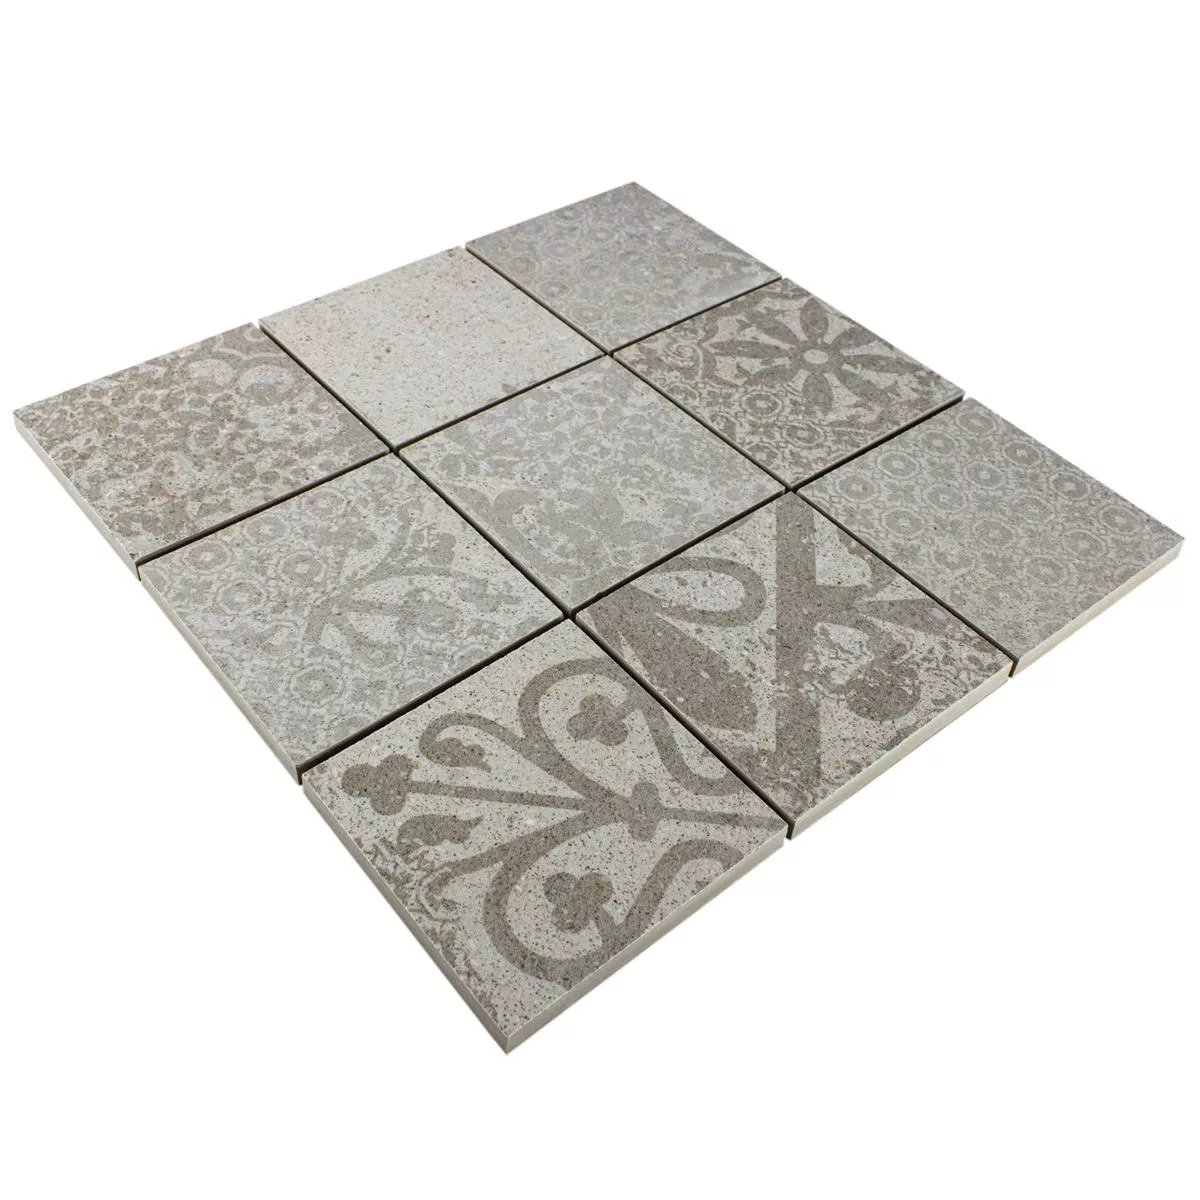 Ceramic Mosaic Tiles Eylem Retro Optic Beige Q95
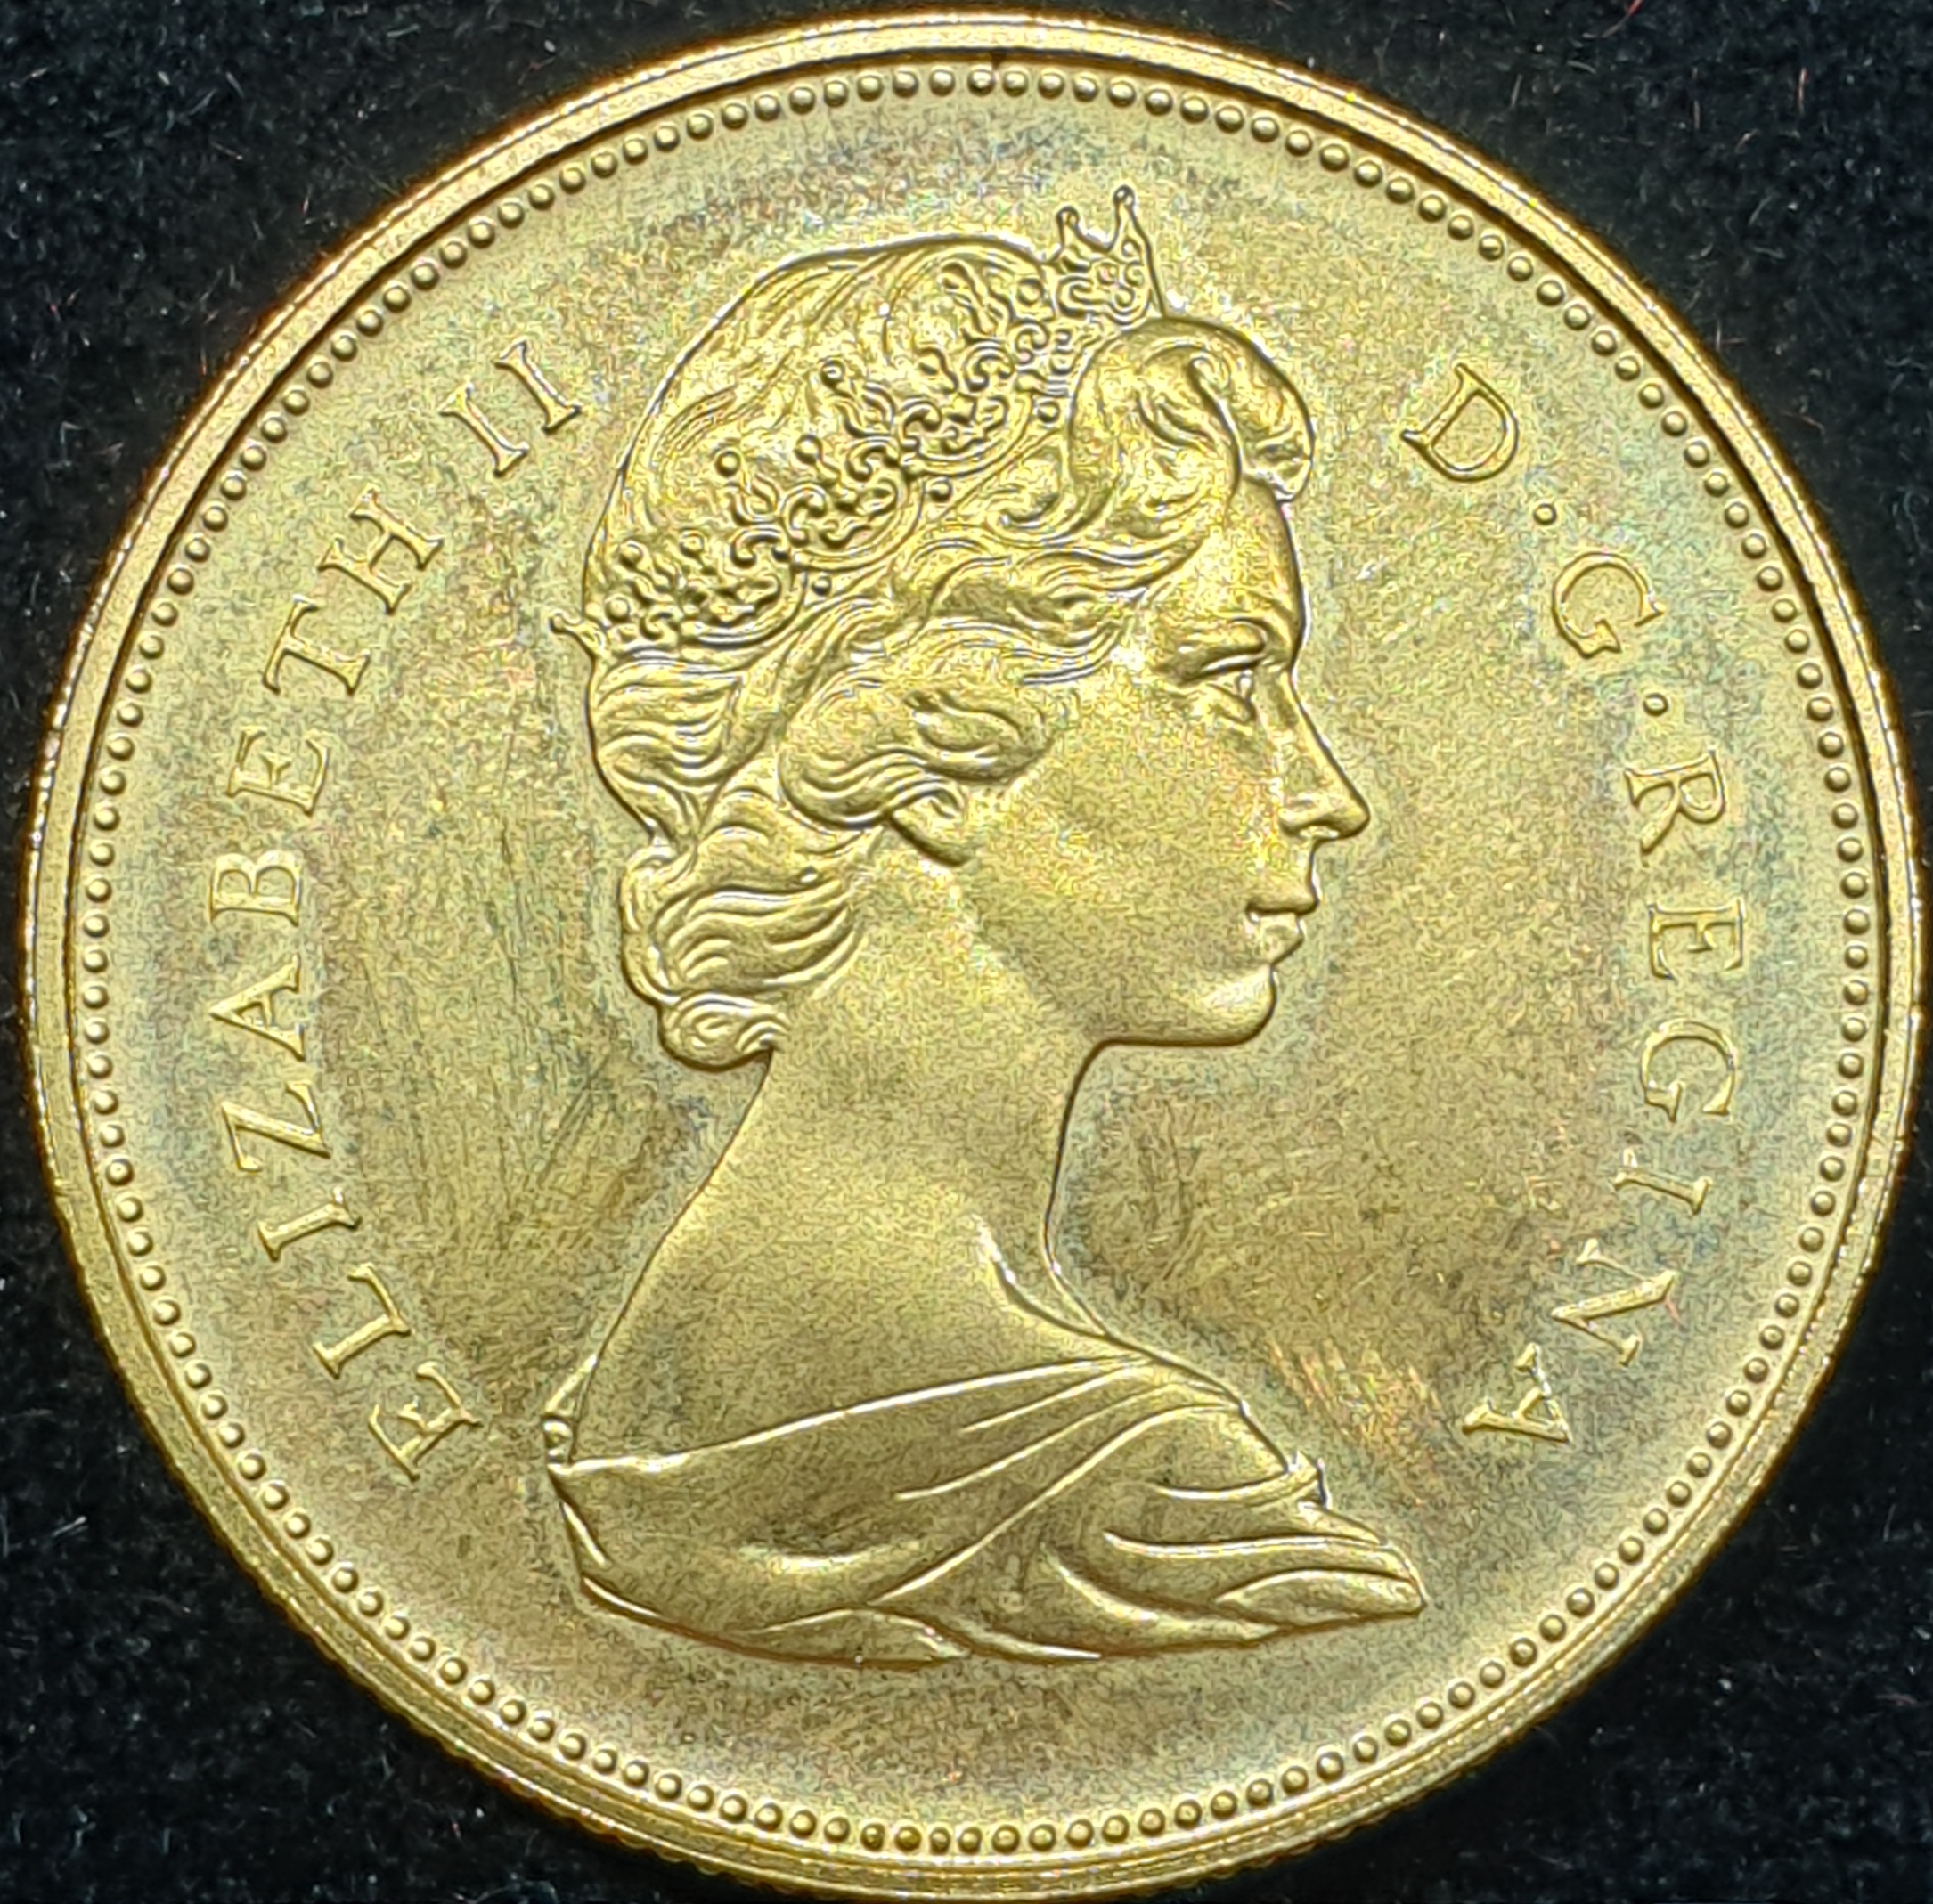 Canada - 20 dollar - 1967 - Elizabeth II - Confederation
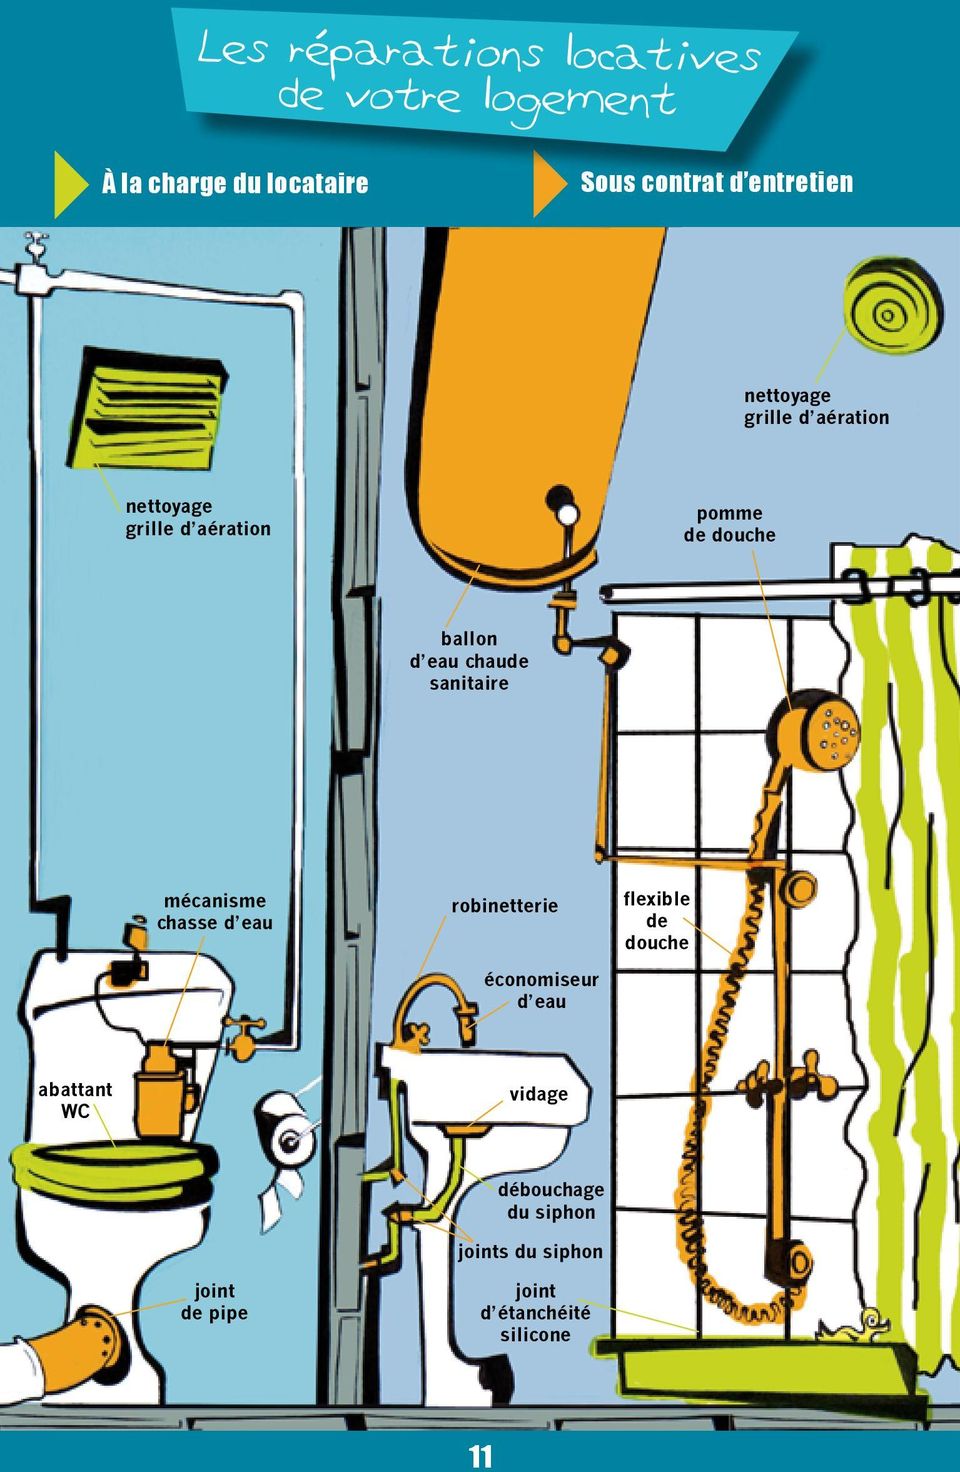 eau chaude sanitaire mécanisme chasse d eau robinetterie économiseur d eau flexible de
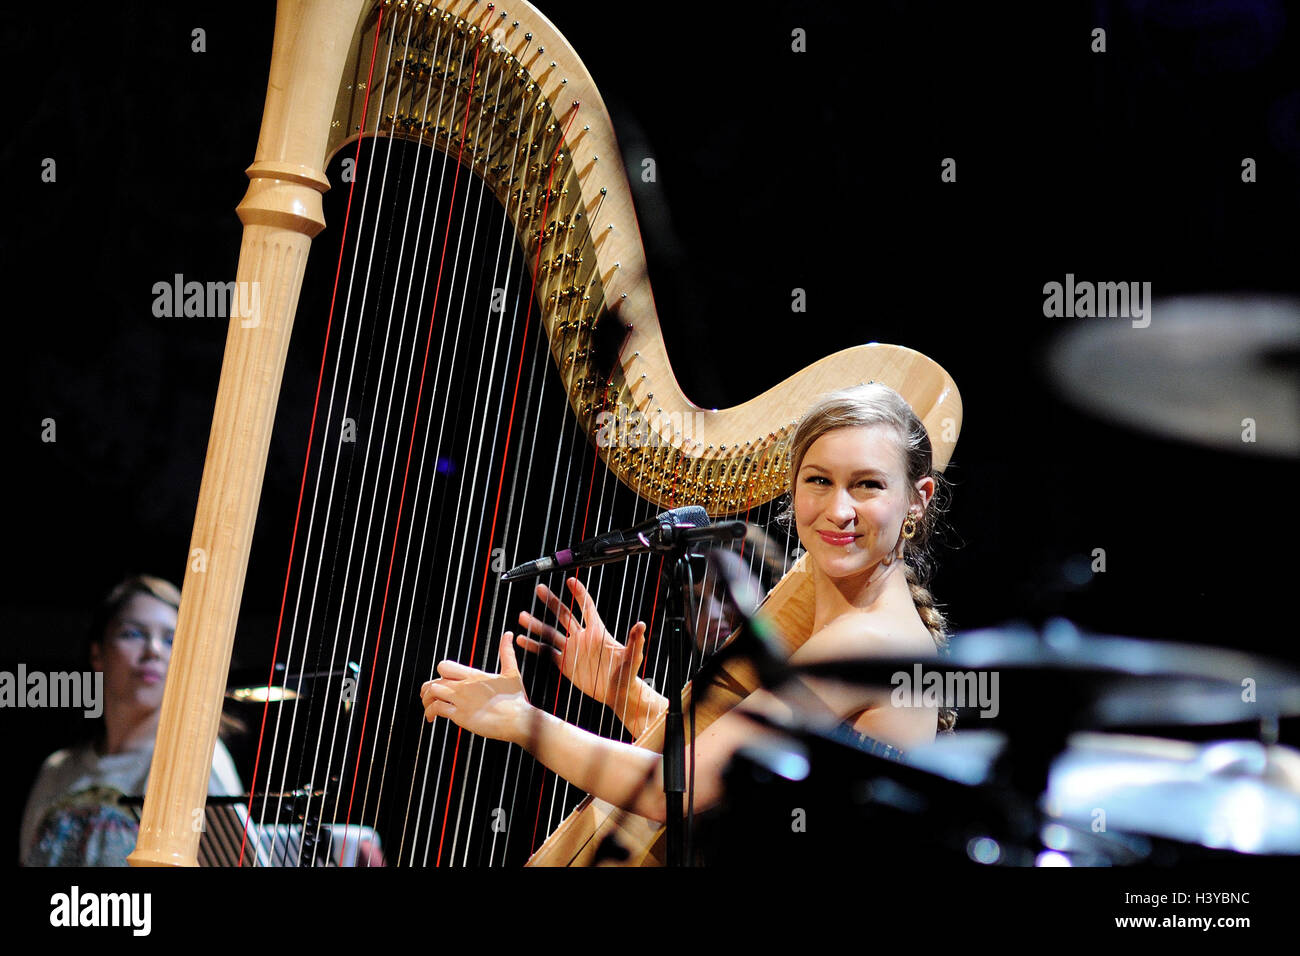 Barcelone - jan 20 : Joanna Newsom, harpiste et chanteuse, effectue au Palau de la Musica Catalana. Banque D'Images

> What you have to do: All of the listing above must be output exactly, except for its pictures.

> Reply to the task:
 Ceramic Mosaic Tiles Eylem Retro Optic Beige Q95
 Canada - 20 dollar - 1967 - Elizabeth II - Confederation
 eau chaude sanitaire mécanisme chasse d eau robinetterie économiseur d eau flexible de
 Barcelone - jan 20 : Joanna Newsom, harpiste et chanteuse, effectue au Palau de la Musica Catalana. Banque D'Images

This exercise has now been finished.